Firstly cut the aubergine into fishfinger-sized pieces, and cook them however you prefer. I shallow fried them in a frying pan in a couple of batches, but you could deep fry, or even brush with oil and bake them. They do need to be cooked through though. Once the aubergines are done, put a couple of tablespoons of oil in a wok and stir-fry the chilli bean paste for a couple of minutes on quite a high heat before adding the ginger and garlic paste. If anything looks like it's sticking add a little water, and keep it moving. Then add in the tofu, aubergine, soy sauces, sugar and vinegar, stir well, and reduce the heat. Let it all simmer for a few minutes, and add the cornflower if there's lots of liquid (I didn't need to bother with this step). Cook out the cornflower, if you're using it, for a further few minutes and then stir in the spring onions and sesame oil, and take the wok off the heat.
And tah-dah, my first bit of Sichuan cooking was done!

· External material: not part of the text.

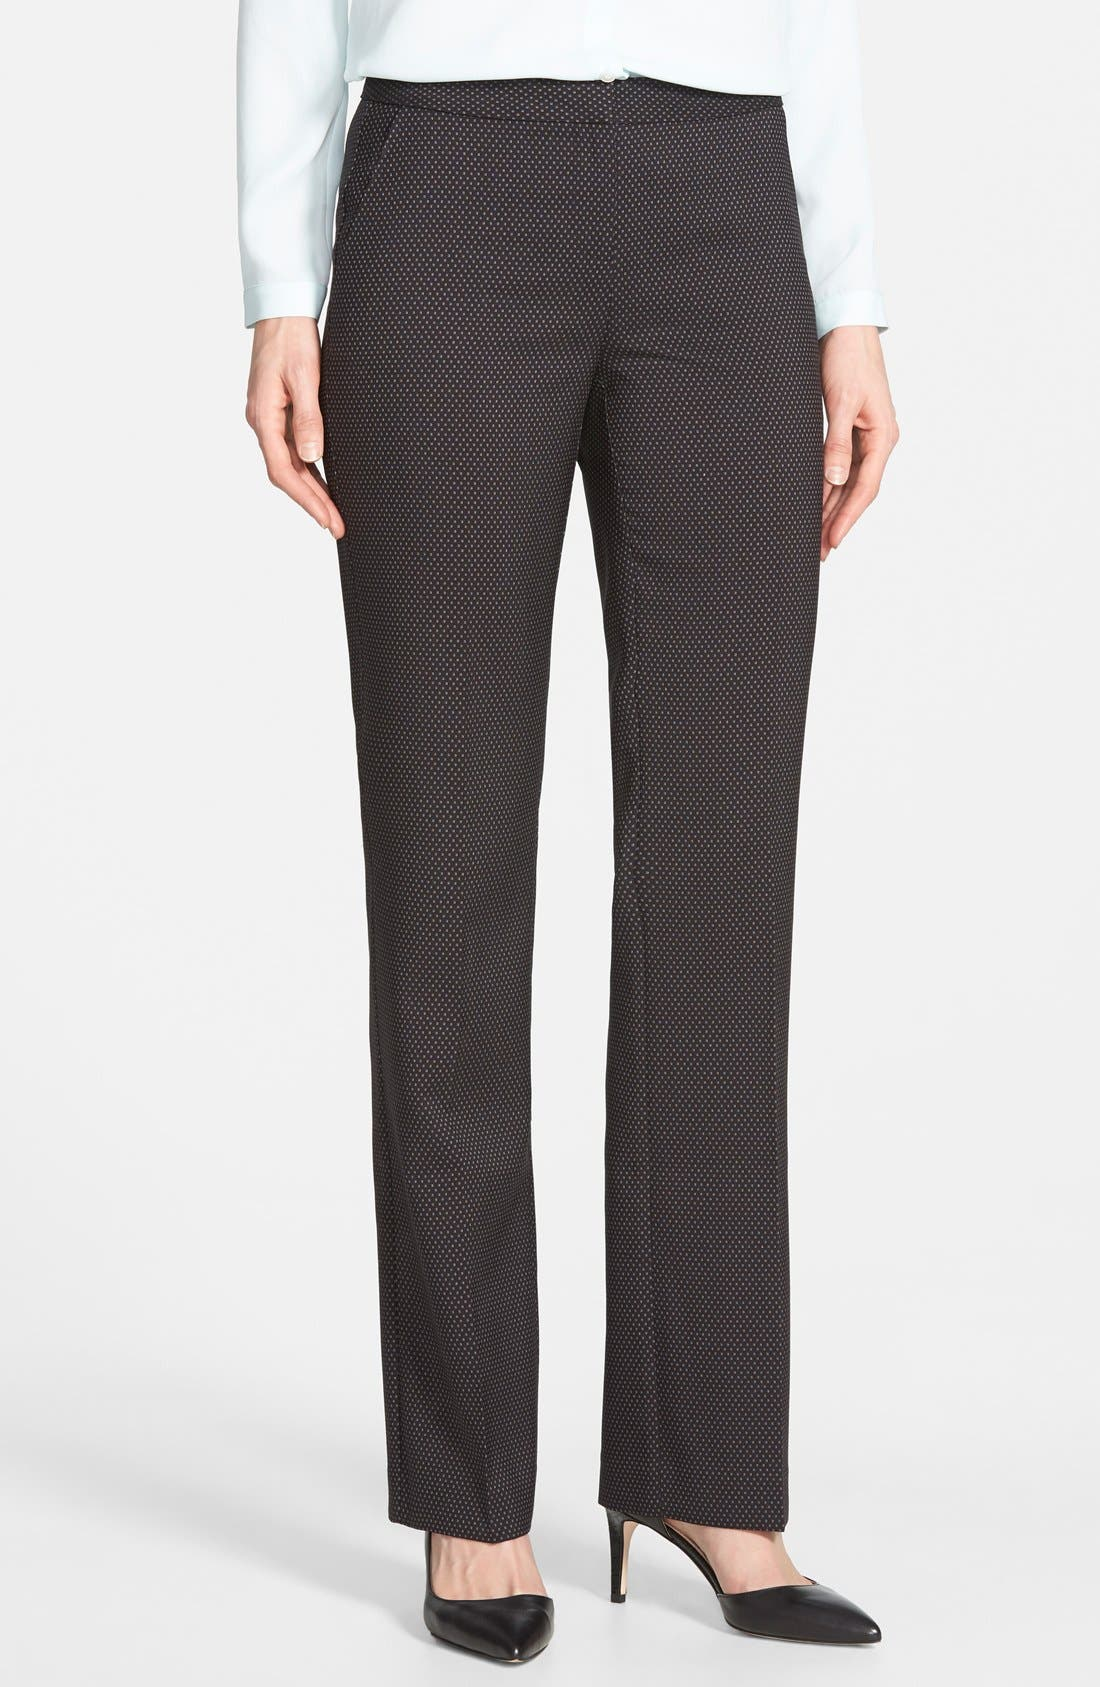 Alternate Image 1 Selected - Halogen® 'Taylor' Darling Dot Suit Pants (Regular & Petite)

I decided to cook the fish fragrant aubergine as part of a Chinese dinner with salt and pepper squid, Sichuan-style prawns (blog posts to follow), and some steamed green vegetables with sesame oil. But the aubergines would have been perfectly fine on their own with some rice. I really loved their spicy, succulent-ness with hints of sourness and sweetness.

It was also great to be able to cook with some unfamiliar ingredients like the chilli bean paste and black vinegar. I still don't know too much about it, but on the basis of this dish I think I might quite like Sichuan food.

Monday, 10 October 2011

Chocolate and ginger pots

I'd only vaguely heard of the chef turned food writer, Simon Hopkinson, prior to his recent BBC television show. I now think I might add him to my list of people it would be fun to be friends with, along with Nigel Slater.
His recipe for chocolate pots with ginger appeared on his show, and immediately looked appealing. I followed the recipe from the BBC website almost exactly, apart from using 85% cocoa solids chocolate and a couple of teaspoons of vanilla extra (rather than infusing the cream).
The resulting puddings were fantastic; super-dense but with the ginger providing a nice contrast which stopped them becoming cloying. The only thing I'd change when making them again, would be to mix the chopped stem ginger throughout the pots rather than have a layer at the bottom as Mr Hopkinson recommends.

This is such simple recipe, with a classic flavour combination, but I'm really glad Simon Hopkinson popped up on my telly to inform me about it.